Headlines on the morning of Saturday, March 20, 1948 were dominated by the threat of communism. Secretary of State George Marshall struck a somber note as he spoke to students of the University of California, warning of the growing world crisis. He likened it to the rise of Hitler in 1932 Germany. A $6 billion foreign aid bill for Europe and China passed a critical hurdle in the House as the U.S. struggled to hold the line against communism. In Palestine, a Jewish republic was about to form.
Meanwhile, workers were digging out bodies and clearing rubble in the wake of an outbreak of tornadoes from Texas to New York. Nineteen people died when 80% of the town of Bunker Hill, Illinois was flattened. Nearby Fosterburg, Illinois recorded 13 fatalities.
At Tinker AFB in Oklahoma City, Captain Robert Miller was the forecaster on duty late that afternoon.

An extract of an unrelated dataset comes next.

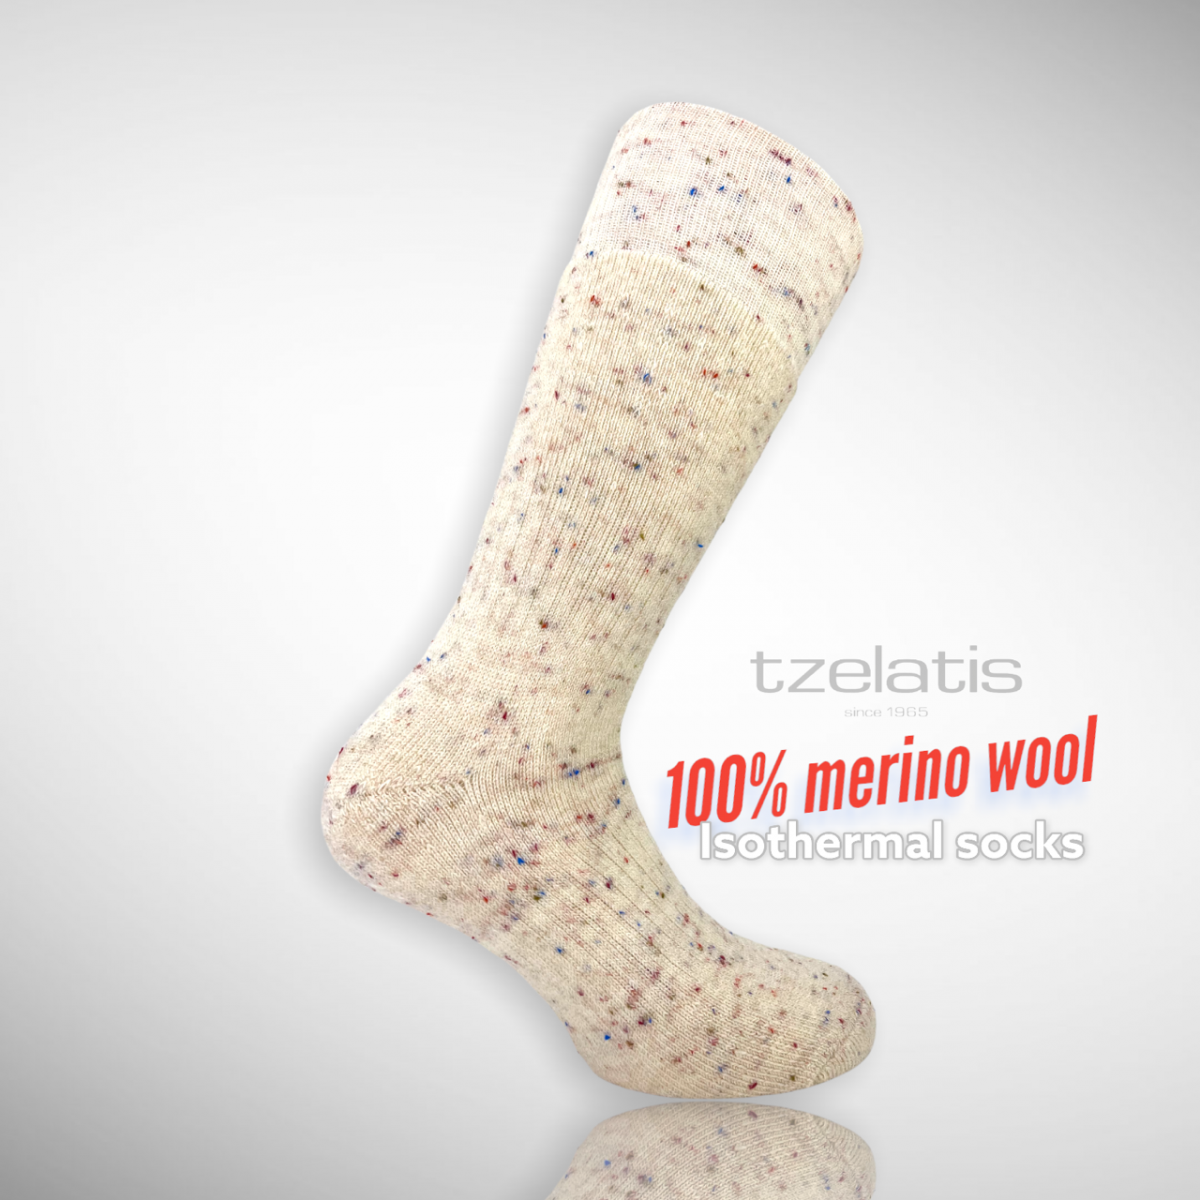 Tzelatis 718 - 100% Merino wool Isothermal

He and his backup forecaster analyzed the data and issued a forecast for gusty winds but no thunderstorms. Much to their surprise, lightning began to be reported to their west around 9 p.m. Their crude radar showed strong thunderstorms headed directly for their location. They hastily typed a warning for the base, but it was too late. Just seven miles to the west southwest, at Will Rogers Airpoirt, as the line of thunderstorms passed, winds gusted to 92 mph. In disbelief, they read the remark at the end of the report: TORNADO ON GROUND MOVING NE. They could only watch helplessly as a large tornado moved across the base, blowing the windows out of the control tower and causing millions of dollars in damage.
The next morning, an investigative team flew in from Washington. The forecasters and their boss, Major Ernest J. Fawbush, were grilled about the bad forecast. The investigators concluded that the storm could not have been forecast using existing techniques. But they recommended that base commanders work with their meteorologists to develop forecasting techniques to mitigate damage and casualties from severe storms.

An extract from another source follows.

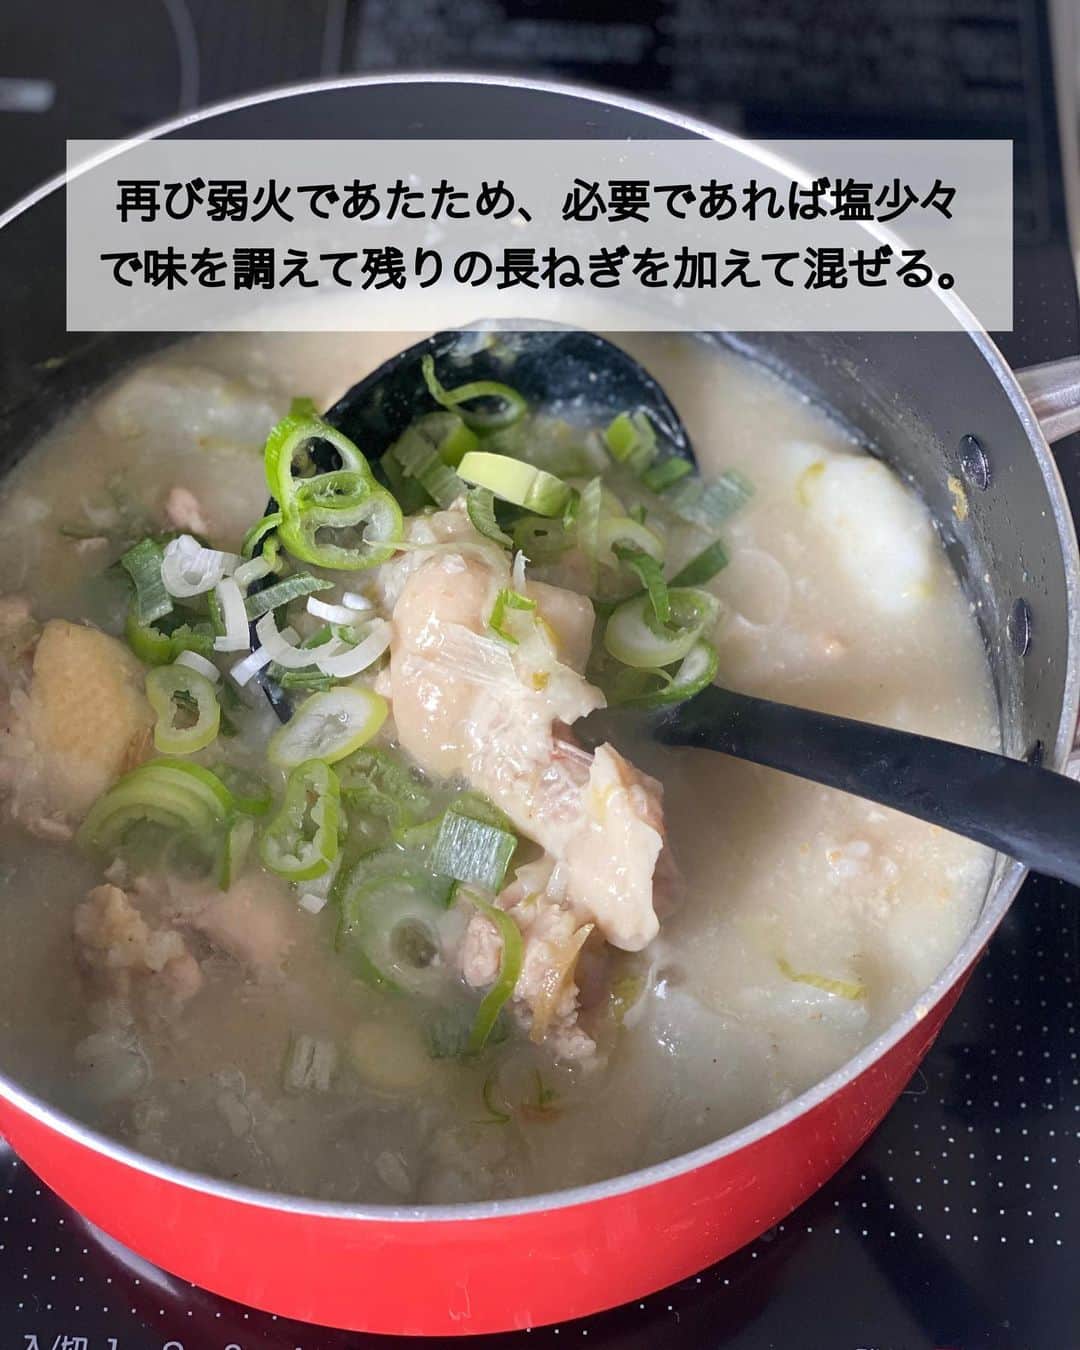 ちおりさんのインスタグラム写真 - (ちおりInstagram)「【煮るだけ簡単！参鶏湯風スープ】 ⁡ 他のレシピを見る→ @chiori.m.m をチェック✅ ⁡ ⁡ ━︎━︎━︎━︎━︎━︎━︎━︎━︎━︎━︎ 我が家のとろとろ参鶏湯 ⁡ Nadiaレシピ🆔 460895 ━︎━︎━︎━︎━︎━︎━︎━︎━︎━︎━︎ ⁡ ⁡ こんばんは(^ ^) ⁡ 今日は煮るだけで実は簡単♪ 参鶏湯風（サムゲタン）スープをご紹介させてください。 ⁡ 我が家では食べるおかずスープとして よく作るんですが、米の他に 大根と長いもで具材感と 自然なトロミをつけています。 ⁡ ⁡手羽元はほろほろ柔らか✨ お粥っぽいトロトロ感になるので 満足感があり、体調が良くない時や 食欲がない時でも食べやすいんです😊 ⁡ ⁡ 今週夫が体調不良でこれ2回ほど作ったけど🤲 やっと回復してきた感じ😌 ⁡ ⁡ 良かったら作ってみてください^ ^ ⁡ ⁡ ________________________________________ ⁡ ⁡ ✍︎ ✍︎recipe ✍︎ ✍︎ ⁡ 👩‍🌾【材料】2人分 •鶏手羽元………8本 •大根………………150g •長いも……………100g •長ねぎ……………1/2本 •しょうが…………1かけ（20g） Aもち米（無ければ米）………大さじ3 A水……………………………………800㎖ A酒…………………………………大さじ3 Aおろしにんにく………………小さじ1 B鶏ガラスープの素…………大さじ1 B砂糖、塩………………………各小さじ1/2 •すりごま…………………………大さじ2 •好みでごま油…………………少々 ⁡ ⁡ ⁡ ________________________________________ ⁡ ⁡ ⁡ 👩‍🍳【作り方】 ①大根は皮をむき大きめの乱切りにする。長ねぎは小口切りにする。しょうがはせん切りにする。 ⁡ ②鍋に【A】と鶏手羽元、大根、長ねぎの1/2量、しょうがを入れて中火にかけ、沸騰してきたらアクをとる。 ⁡ ③【B】を加えて蓋を少しずらしてのせ、弱火で20分煮る。 ⁡ ④長いもは皮をむきポリ袋に入れて叩き、粗めに割る。鍋に加え、すりごまをふり、再び蓋をのせてさらに10分ほど煮たら火からおろし、粗熱がとれるまでおく。（長いもを加えたら時々箸で混ぜてください。冷めてくると手羽元が柔らかくなります。） ⁡ ⑤再び弱火であたため、必要であれば塩少々で味を調えて残りの長ねぎを加えて混ぜる。器に盛り、好みでごま油をたらす。 ⁡ ⁡ ________________________________________ ⁡ ⁡ ⁡ 📝【POINT】 •塩を塩麹で代用するとより美味しくなります。 ⁡ •しょうがはお好みで増やしてください。 ⁡ •おろしにんにくはチューブで代用OKです。 ⁡ •長いもは省いてもOKです。 ⁡ •すりごまは省いてもOKです。 ⁡ •仕上げに甘栗を加えても美味しいです。 ⁡ •トロミがつきすぎてしまったら水を足して調整してください。 ⁡ ⁡ ⁡ ≡︎≡︎≡︎≡︎≡︎≡︎≡︎≡︎≡︎≡︎≡︎≡︎≡︎≡︎≡︎≡︎≡︎≡︎≡︎≡︎≡︎≡︎≡︎≡︎≡︎≡︎≡︎≡︎≡︎≡︎≡︎≡︎≡︎≡︎ 【✅新刊レシピ本のお知らせ】 📕ちおり流くり返し作りたいおかず 🙇🏻‍♀️おかげ様で書籍累計10万部を突破しました。 ⁡ 全国の書店、Amazon、楽天ブックス 宝島チャンネルにて発売中です。 ⁡ ➤ ➤ ➤ @chiori.m.m のストーリーハイライト。 プロフィールのリンクからご覧いただけます😊 📗ちおりの簡単絶品おかず１、２ 既刊もぜひご覧いただきたいです。 ⁡ ≡︎≡︎≡︎≡︎≡︎≡︎≡︎≡︎≡︎≡︎≡︎≡︎≡︎≡︎≡︎≡︎≡︎≡︎≡︎≡︎≡︎≡︎≡︎≡︎≡︎≡︎≡︎≡︎≡︎≡︎≡︎≡︎≡︎≡︎ ⁡ ⁡ 最後までご覧いただきありがとうございます☺️ ⁑ ⁑ ⁑ ⁑ ⁑ ⁑ ⁑ ⁑ #参鶏湯 #参鶏湯レシピ   #Nadiaレシピ #Nadiaartist  #japanesefood   #食卓 #献立 #簡単ごはん #野菜レシピ  #簡単レシピ #節約レシピ #時短レシピ  #日々の暮らし #野菜スープ #スープレシピ   #夕飯レシピ #お弁当レシピ  #料理初心者  #おつまみレシピ #具沢山スープ  #手羽元 #手羽元レシピ #料理レシピ  #大根レシピ #長いも #鶏肉レシピ」5月20日 21時34分 - chiori.m.m

Major Fawbush was ordered to work on such techniques. The next day, he and his team began poring over data and charts from previous events, including the March 20th Tinker AFB tornado. They came up with a series of weather parameters that had resulted in significant tornadoes.
On the morning of March 25, 1948, the meteorologists charted weather observations and created a prognostic charts for that evening. Major Fawbush and Colonel Miller looked at each other in amazement as they realized that the bullseye of a severe weather threat would exist across Central Oklahoma. The base commander was notified.
He looked at the data with the forecasters. Were they issuing a tornado forecast? Fawbush turned to Miller and stated, “It looks a lot like the 20th, doesn’t it?” The young Captain gulped and said that it did. The commanded stopped short of issuing a tornado forecast, but authorized a thunderstorm forecast. The new base warning plan was initiated and preparations were made.
The forecasters settled in for an uneasy wait to see if their forecast would verify. Storms began to show on the radr during the early afternoon. By extrapolation, the squall line was expected to reach the base by 6 p.m.
The commander returned to the weather office and asked again if the meteorologists were issuing a tornado forecast. They could only repeat their earlier observation, that the situations looked a lot like the one just five days earlier. The General barked that it seemed they should issue a tornado forecast if that were the case. Fawbush and Miller knew that such a forecast could get them laughed out of the Air Force. The orders were typed up at 2:50 p.m. and t he base’s new tornado plan went into action.
As the line of storms passed Will Rogers Airport, only wind gusts to 26 mph were reported. Captain Miller left, disgusted. After arriving home, a weather bulletin broke on the radio. He heard “destructive tornado” and “Tinker” and assumed the broadcaster was still talking about the tornado of five days ago. He tried to call the base weather office, but the lines were down. He excitedly drove back to the base and saw the destruction. Major Fawbush recounted the events as the reality of their successful forecast sunk in.
The tornado still caused $4 million in damage, but that was less than half of that caused by the earlier tornado. We know that the odds were astronomically low that a second tornado would hit the base five days later. With the good forecasting analysis had come a little luck, but the door was had been opened to successful tornado prediction. It would take over half a decade before tornado forecasts would become reality, but it was a a start.